**Data section**

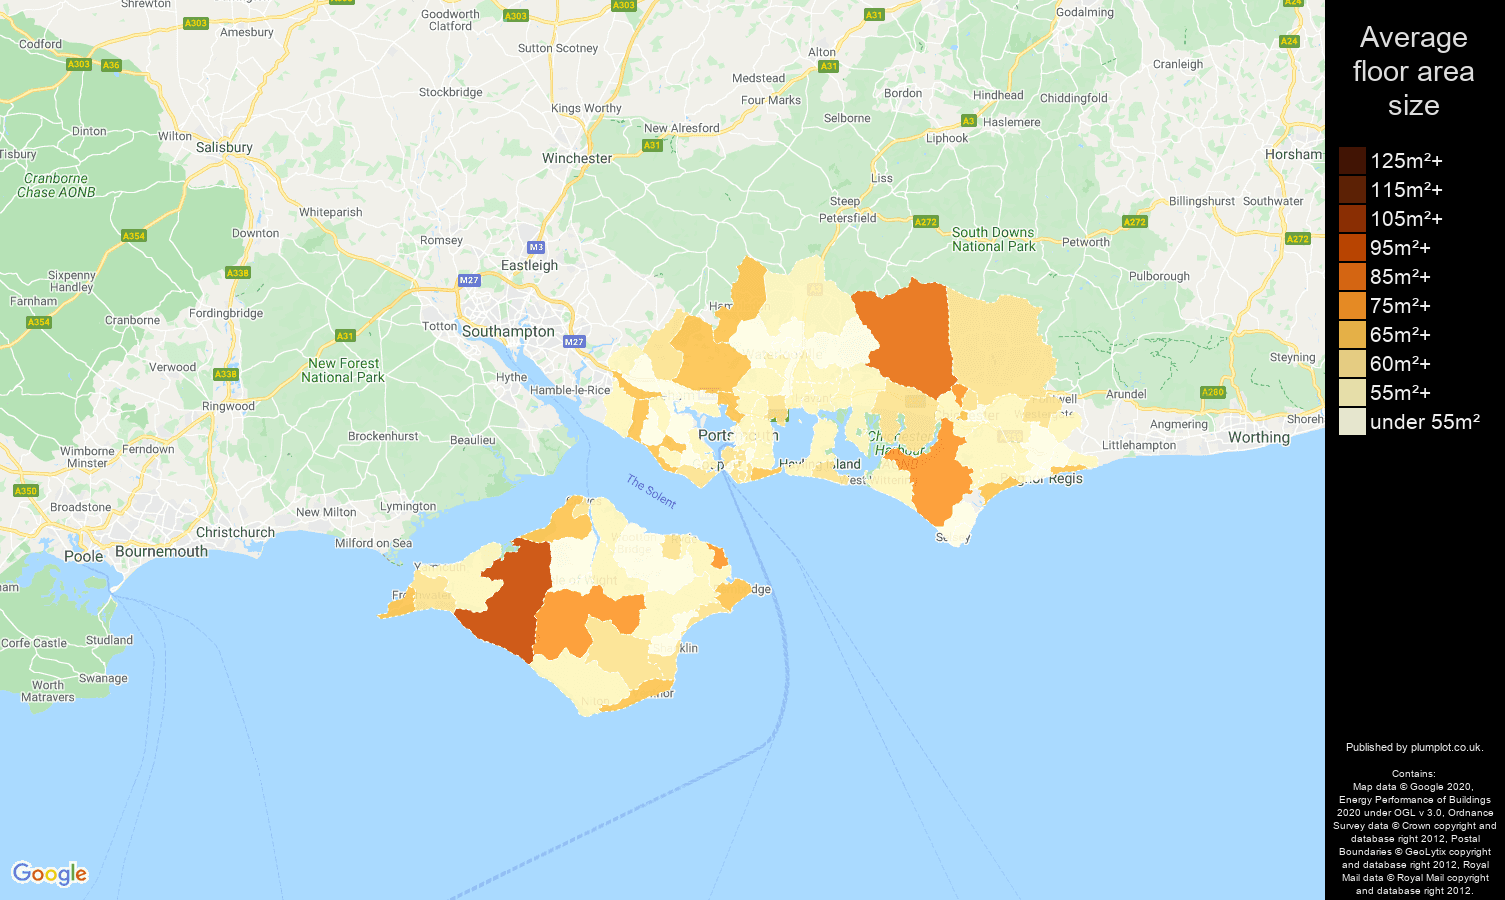 Portsmouth map of average floor area size of flats
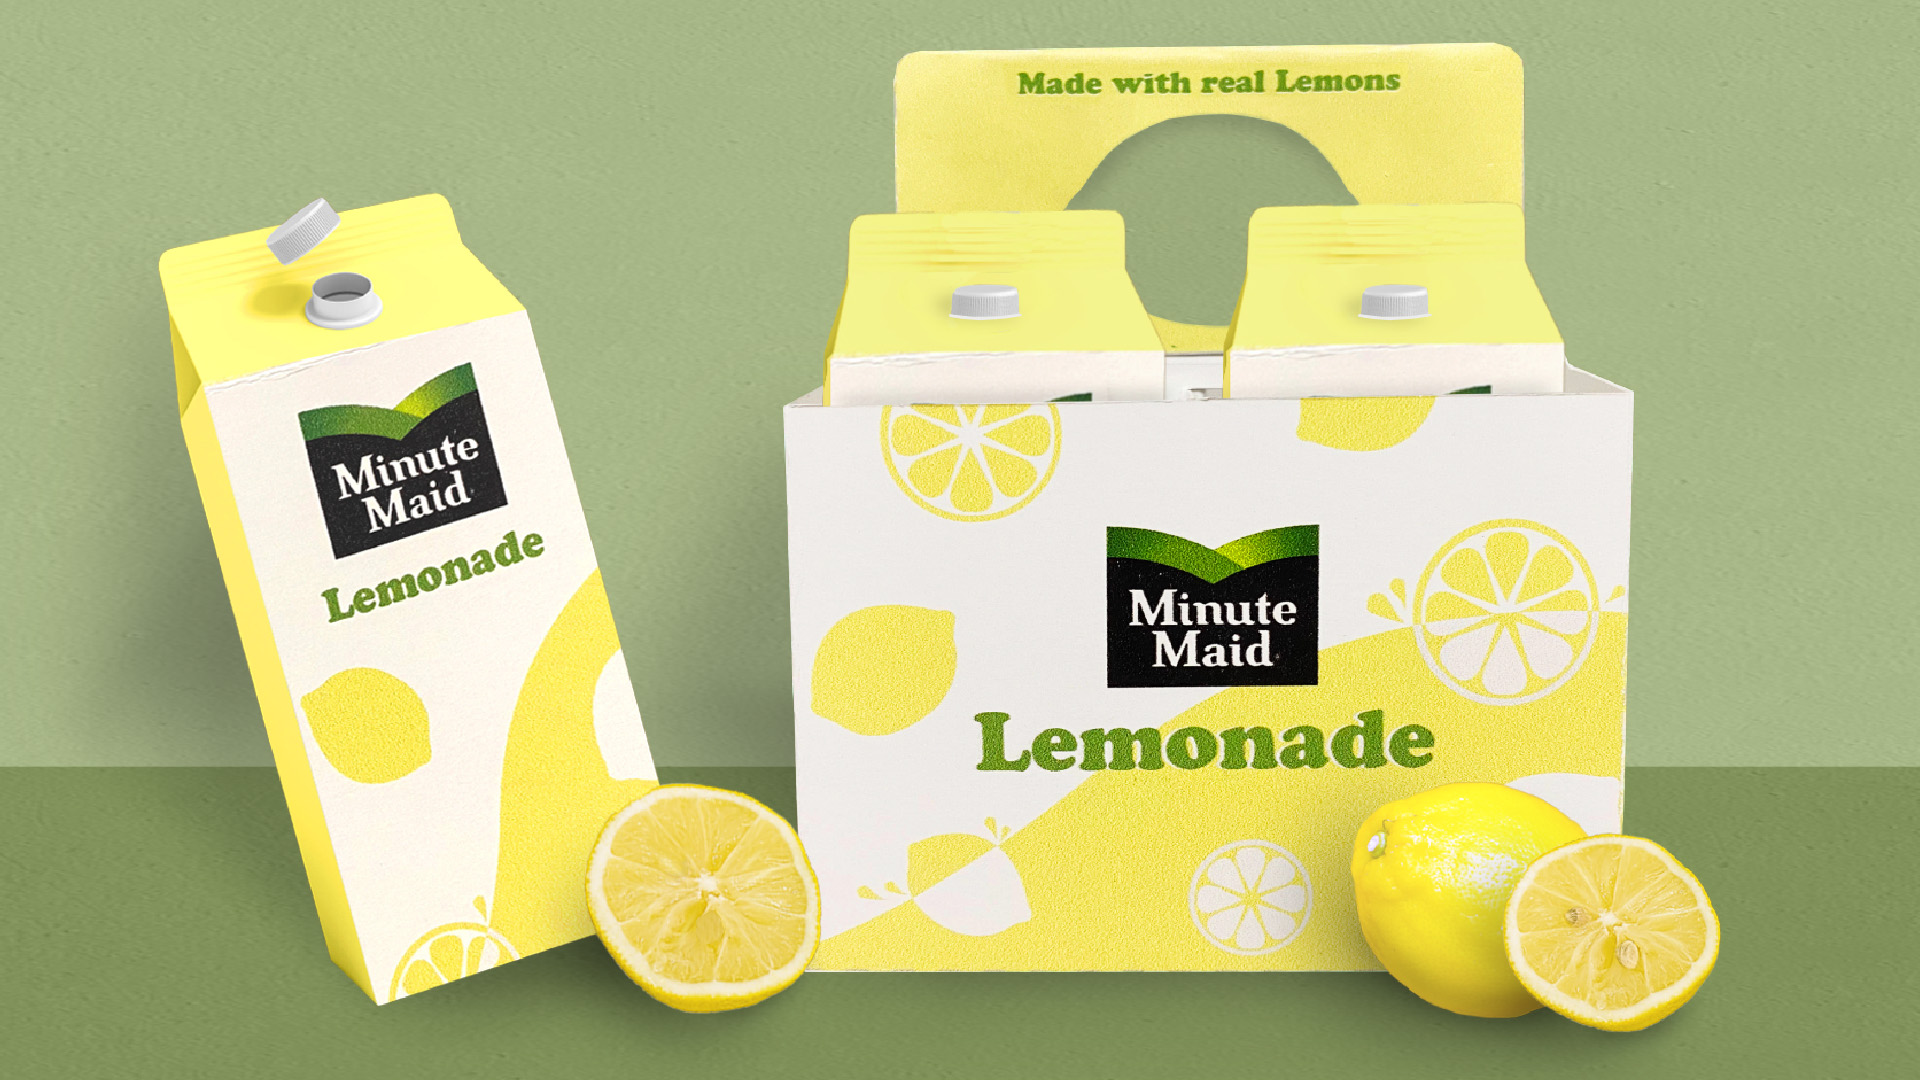 “Minute Maid Redesign” / “Minute Maid Redesign”, Packaging, Adobe Illustrator and Photoshop, printed packaging material, 2022. The Minute Maid package redesign focuses on a bright and fun design to highlight the refreshing lemonade brand.
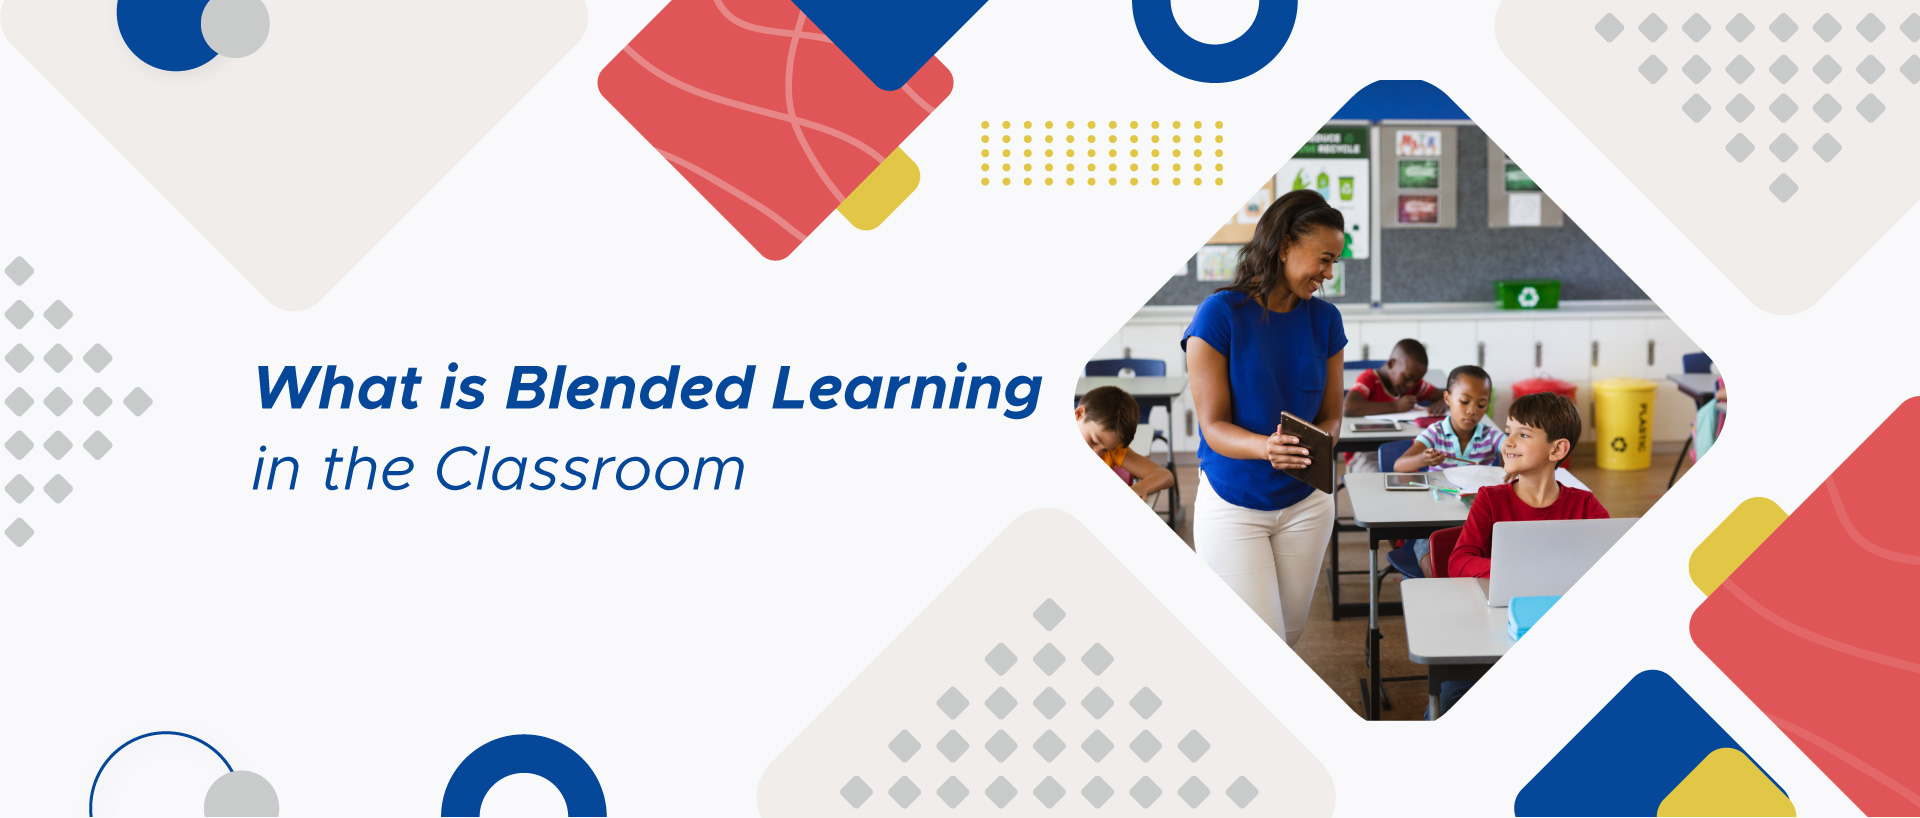 What is Blended Learning in The Classroom
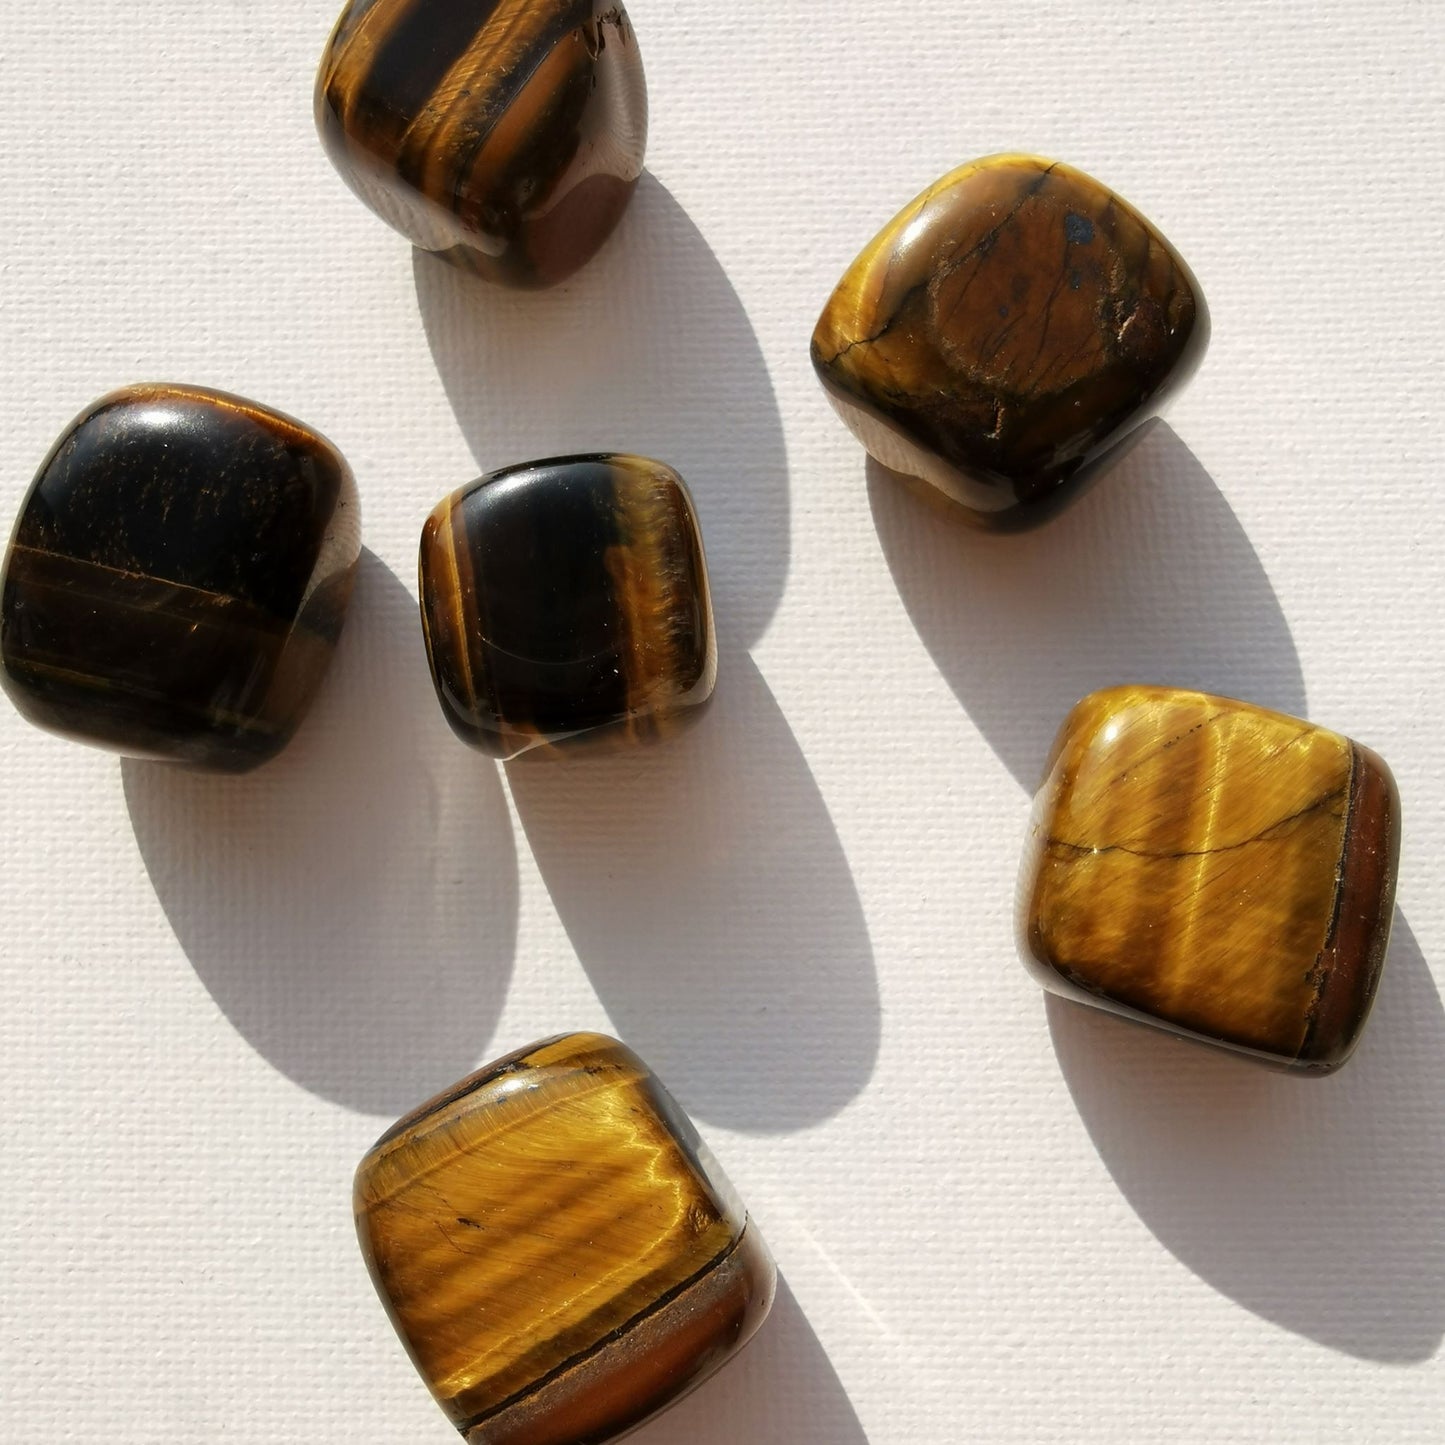 Dumi's Crystals | Square Tiger's Eye Tumbled Stones (Confidence & Success) | A collection of Square Tiger's Eye Tumbled Stones, each a reminder of the tiger's spirit. Square Tiger's Eye fosters strength, reduces stress & attracts success. Scatter them in your home or workspace to create a space overflowing with empowering energy and a sense of purpose.

**What to work on**
Please return exactly the lines from the one containing "What is Blended Learning in The Classroom" through the end of the material above, both ends included, but not the pictures.

**Output for this exercise**
 What is Blended Learning in The Classroom
 Dumi's Crystals | Square Tiger's Eye Tumbled Stones (Confidence & Success) | A collection of Square Tiger's Eye Tumbled Stones, each a reminder of the tiger's spirit. Square Tiger's Eye fosters strength, reduces stress & attracts success. Scatter them in your home or workspace to create a space overflowing with empowering energy and a sense of purpose.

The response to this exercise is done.